2016 EQUITY AND INCENTIVE COMPENSATION PLAN
RESTRICTED STOCK UNIT AGREEMENT
This RESTRICTED STOCK UNIT AGREEMENT (this “Agreement”) is entered into as of [______________], 2017 (the “Date of Grant”), by and between AGNC Investment Corp., a Delaware corporation (the “Company”), and [_______________] (“Grantee”).
1.Certain Definitions. Capitalized terms used, but not otherwise defined, in this Agreement will have the meanings given to such terms in the Company’s 2016 Equity and Incentive Compensation Plan (the “Plan”).

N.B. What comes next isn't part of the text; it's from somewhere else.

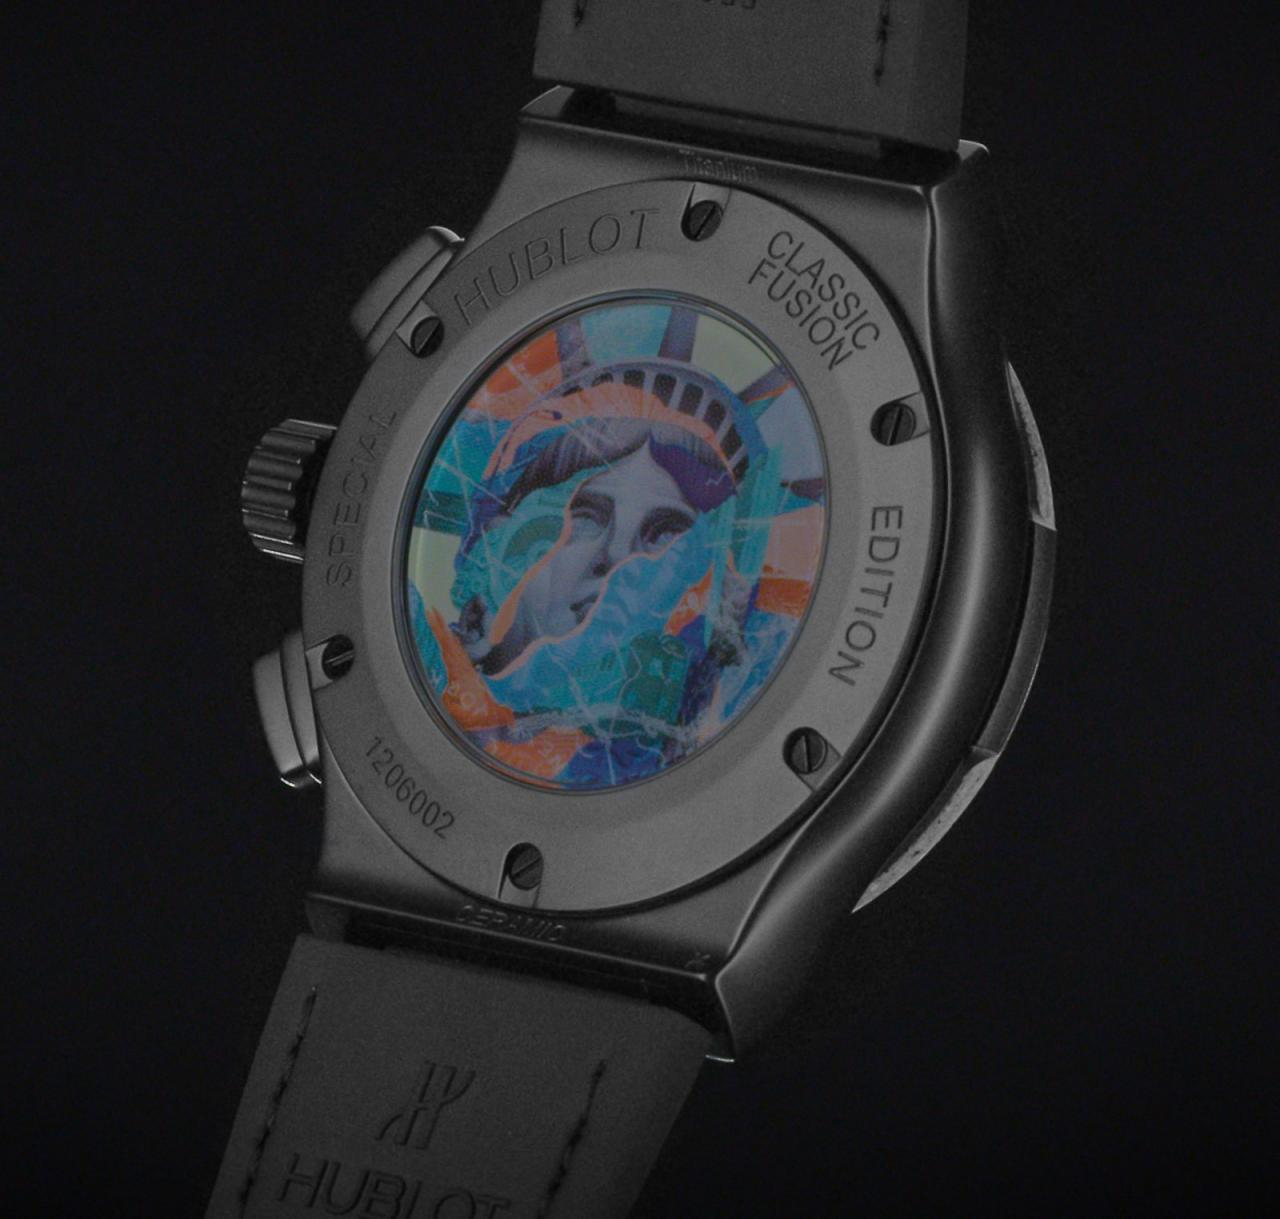 Hublot Classic Fusion Aerofusion Chronograph Concrete Jungle 4

2.Grant of RSUs. Subject to and upon the terms, conditions and restrictions set forth in this Agreement and in the Plan, the Company hereby grants to Grantee [_____] Restricted Stock Units (the “RSUs”). Each RSU shall represent the right of Grantee to receive one share of Common Stock subject to and upon the terms and conditions of this Agreement.

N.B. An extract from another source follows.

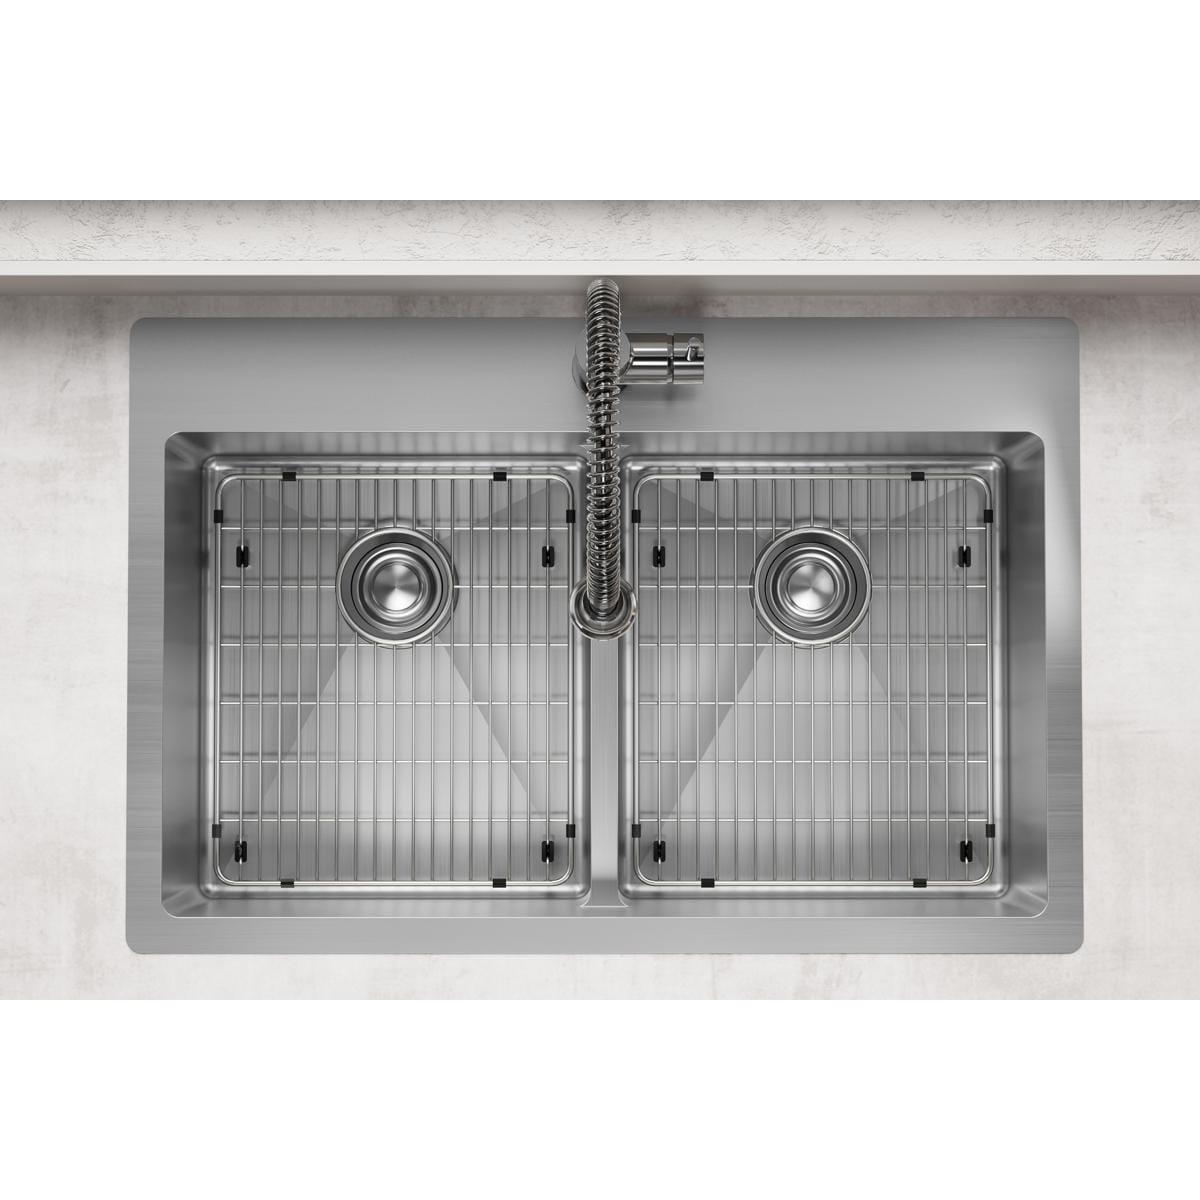 Elkay Crosstown 18 Gauge Stainless Steel 33 X 22 X 9 Equal Double Bowl Dual Mount Sink Kit With Aqua Divide Overstock 30533364

3.Restrictions on Transfer of RSUs. Neither the RSUs evidenced hereby nor any interest therein or in the shares of Common Stock underlying such RSUs shall be transferable prior to payment to Grantee pursuant to Section 7 hereof, other than as described in Section 15 of the Plan.
4.Vesting. The RSUs covered by this Agreement shall become nonforfeitable and payable to Grantee pursuant to Section 7 hereof on the date that is 13 months following the Date of Grant if Grantee remains in continuous service with the Company or any of its Subsidiaries (or any of their successors) as of each such date.
5.Accelerated Vesting. Notwithstanding the provisions of Section 4 hereof, all of the RSUs covered by this Agreement that have not already vested and become nonforfeitable pursuant to Section 4 hereof will become nonforfeitable and payable to Grantee pursuant to Section 7 hereof earlier than the time provided in Section 4 hereof upon the occurrence of a Change of Control, but only if such event also constitutes a “change in the ownership,” “change in effective control” and/or a “change in the ownership of a substantial portion of assets” of the Company, as those terms are defined under Treasury Regulations Section 1.409A-3(i)(5).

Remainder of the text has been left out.